Give back every line of the material below exactly, but no images.

◆ **Supplied data**:

· · · · ·

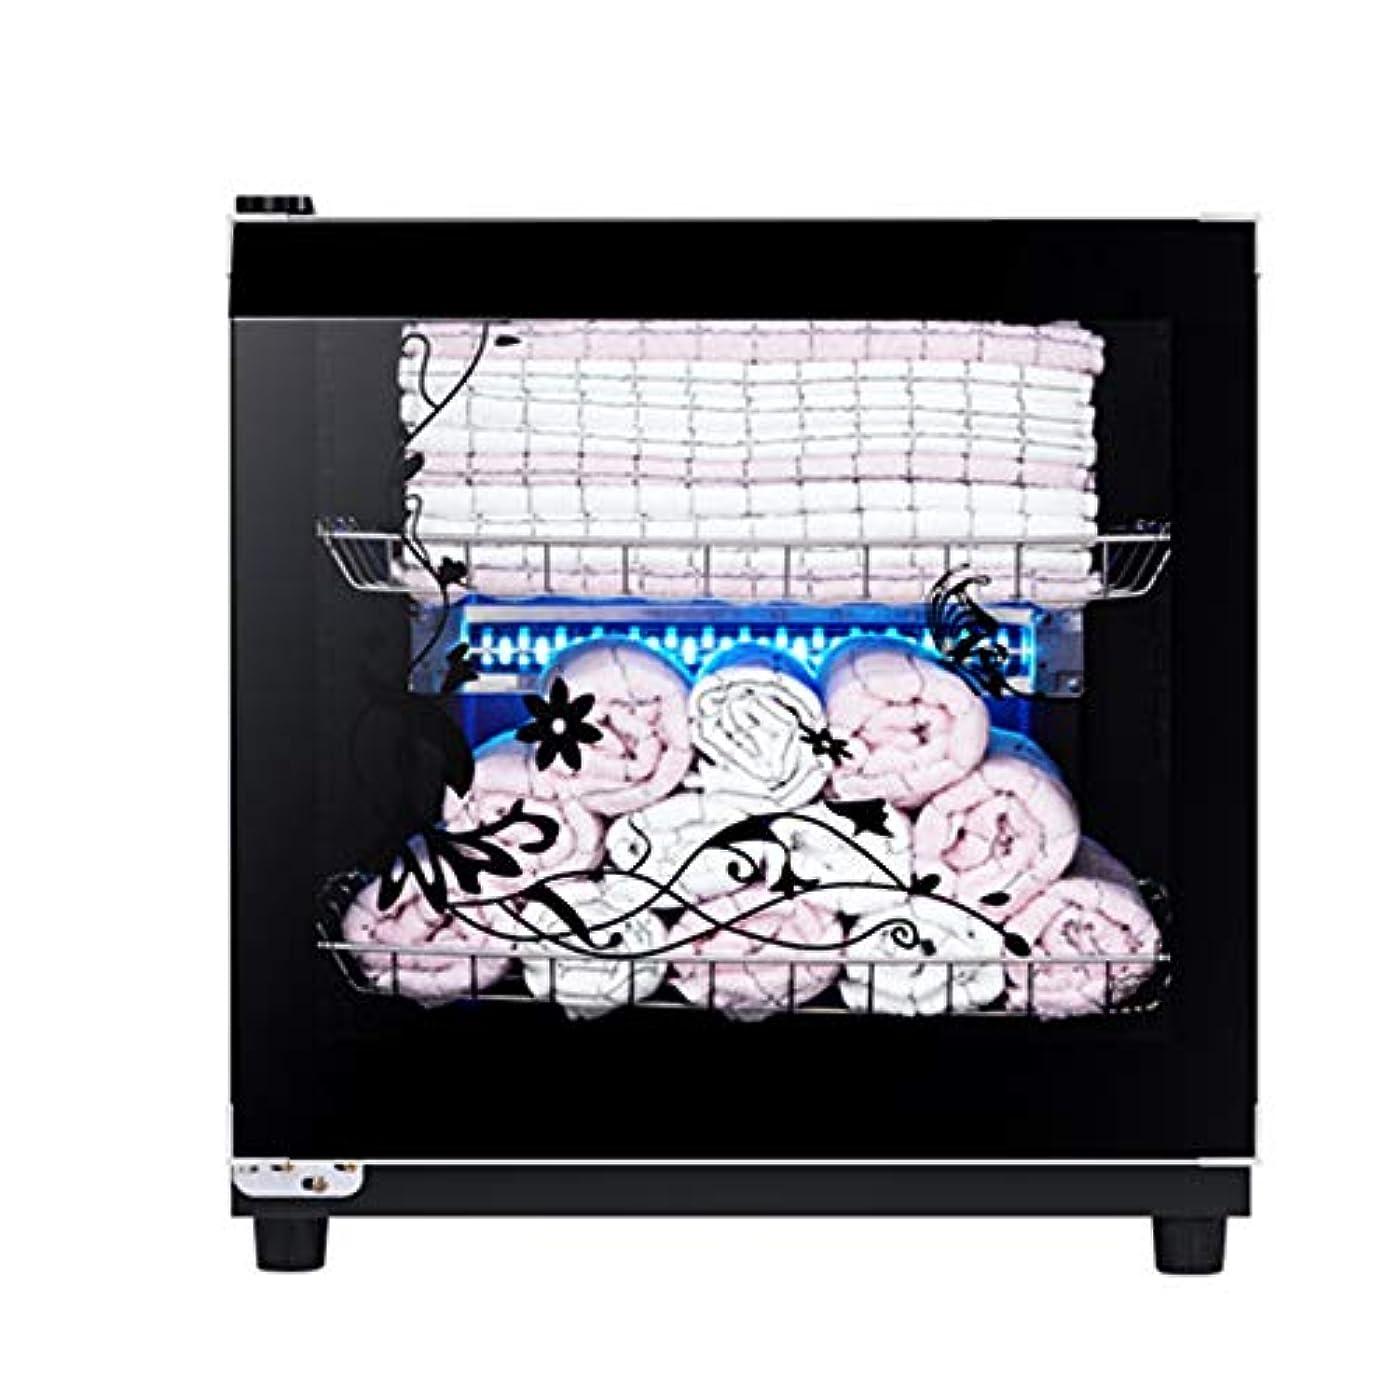 安心させるクリームずるい3in1タオルウォーマーホットキャビネット紫外線オゾン滅菌ツールウェットタオルヒーター、タイミング消毒、家庭用コマーシャル(3サイズ)
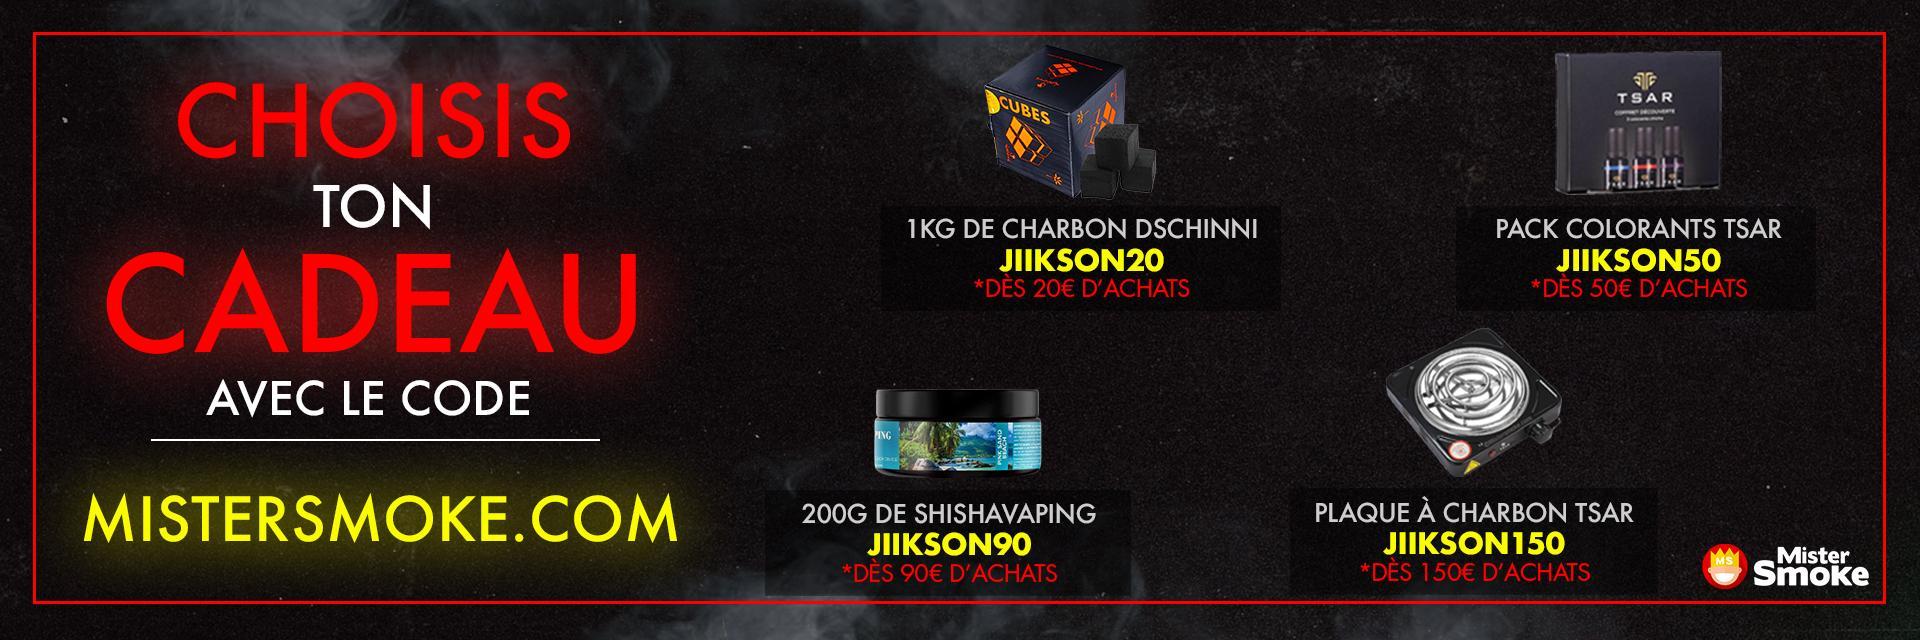 Banniere site code promo version dschinni 3
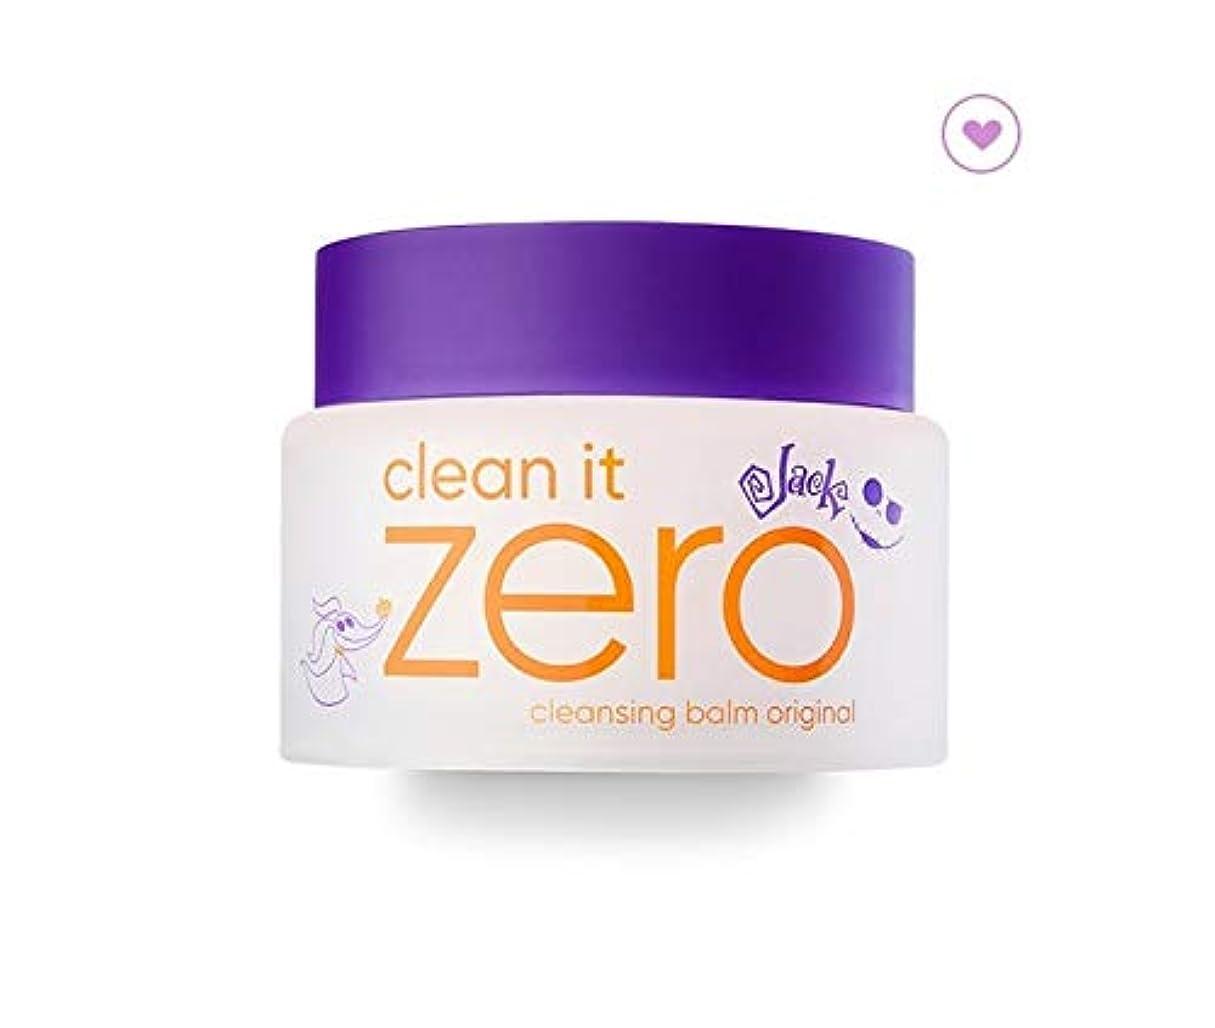 悪夢最終ペイントbanilaco クリーンイットゼロクレンジングバームディズニーコレクション(パープル) / Clean It Zero Cleansing Balm Disney Collection (Purple) 100ml [...

· · · · ·

◆ **Exercise result**:
 安心させるクリームずるい3in1タオルウォーマーホットキャビネット紫外線オゾン滅菌ツールウェットタオルヒーター、タイミング消毒、家庭用コマーシャル(3サイズ)
 Banniere site code promo version dschinni 3
 悪夢最終ペイントbanilaco クリーンイットゼロクレンジングバームディズニーコレクション(パープル) / Clean It Zero Cleansing Balm Disney Collection (Purple) 100ml [...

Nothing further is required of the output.